As a former IT manager responsibile for 2800 desk and laptops I would tell you that the only way to go is Outlook. It is industrial strength as far as the Microsoft products. You can import you Outlook express files and address book into Outlook. Yes, there are alternatives however there are not as many tools and add-ons available. It is far easier to manage both addresses and calendaring with Outlook. Products such as McAfee security suite work better with Outlook than Outlook Express.
Take Care,
Tripp


----------



## Y-Guy (Jan 30, 2004)

At work we use Outlook. At home I ditched Outlook Express and moved to Thundrebird, but as of this week I began using Gmail. Gmail allows me to get all my POP3 email, and send out using that account - nobody knows my emails come from Gmail. The archive feature is great and when I go between work and home I still have full access to my emails. It has a Calendar and now has Docs & Spreadsheets too. I am so used to using the others this is a bit different but I really like it. With 2GB of storage I'm not worried about running out of space anytime either.


----------



## Oregon_Camper (Sep 13, 2004)

If you have Outlook use that. Must better in the long run. Importing in your old email/contact/tasks/etc....will be a breeze.


----------



## Lady Di (Oct 28, 2005)

I too have a question.

I had a trial version of Outlook. Now the trial is over, and I can't send mail unless I buy the full version which isn't cheap.

Am I stuck either buying the full version, or reloading everything into Outlook Express so I don't have to buy right now?


----------



## Doxie-Doglover-Too (Jan 25, 2007)

Y-Guy said:


> At work we use Outlook. At home I ditched Outlook Express and moved to Thundrebird, but as of this week I began using Gmail. Gmail allows me to get all my POP3 email, and send out using that account - nobody knows my emails come from Gmail. The archive feature is great and when I go between work and home I still have full access to my emails. It has a Calendar and now has Docs & Spreadsheets too. I am so used to using the others this is a bit different but I really like it.

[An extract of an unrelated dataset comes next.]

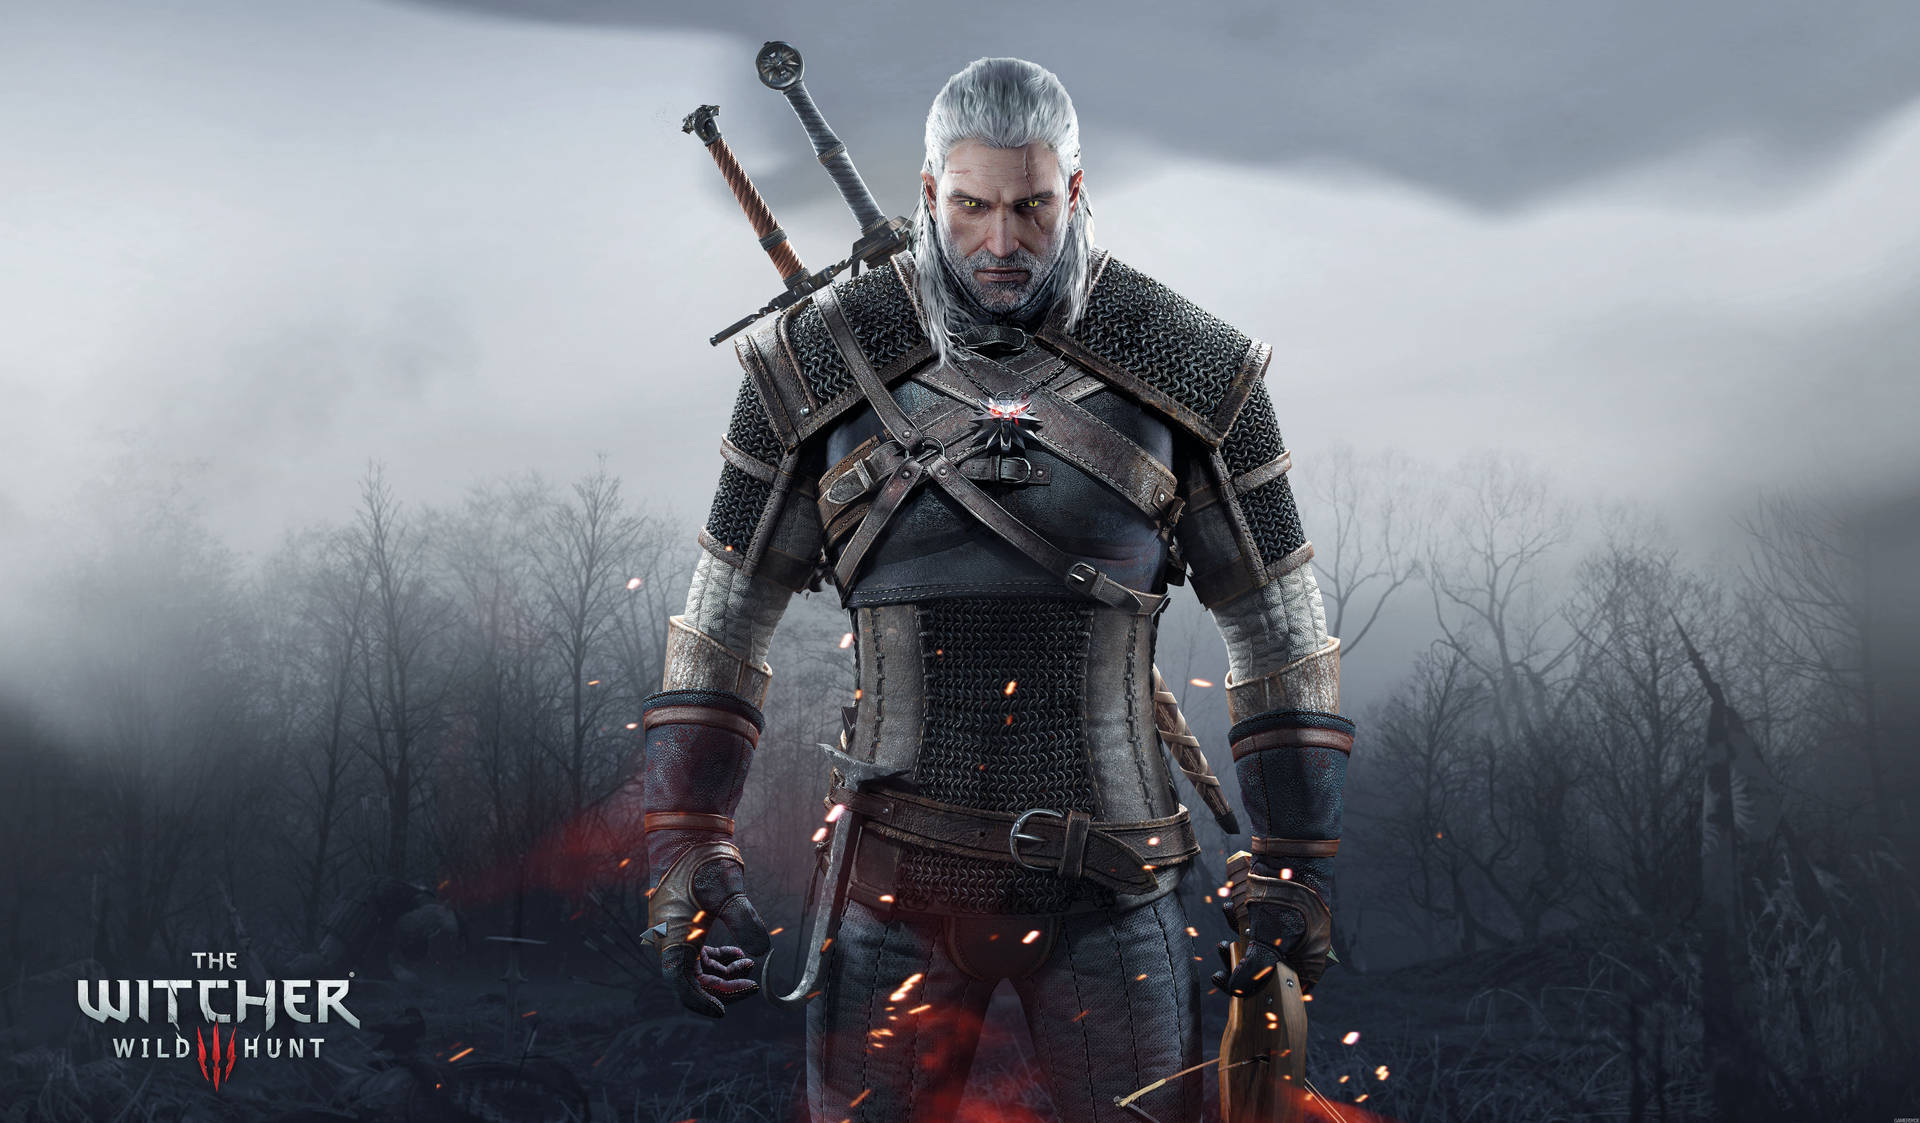 Witcher4k: Geralt Trägt Mittelalterliche Rüstung. Wallpaper

With 2GB of storage I'm not worried about running out of space anytime either.


thanks for the input everyone. I am going to research the whole browser switch, being a creature of habit, all these changes are making me imbalanced!







I have thought about gmail too. With Charter I can always get my email from anywhere, just don't have access to my folders, etc. I need to decide soon I think. I knew OE had security issues but didn't know Outlook does.

(did you have your home on wheels on the the Boulevard last weekend, going North? saw a NICE one and thought maybe it was you, it took up the whole boulevard!







)


----------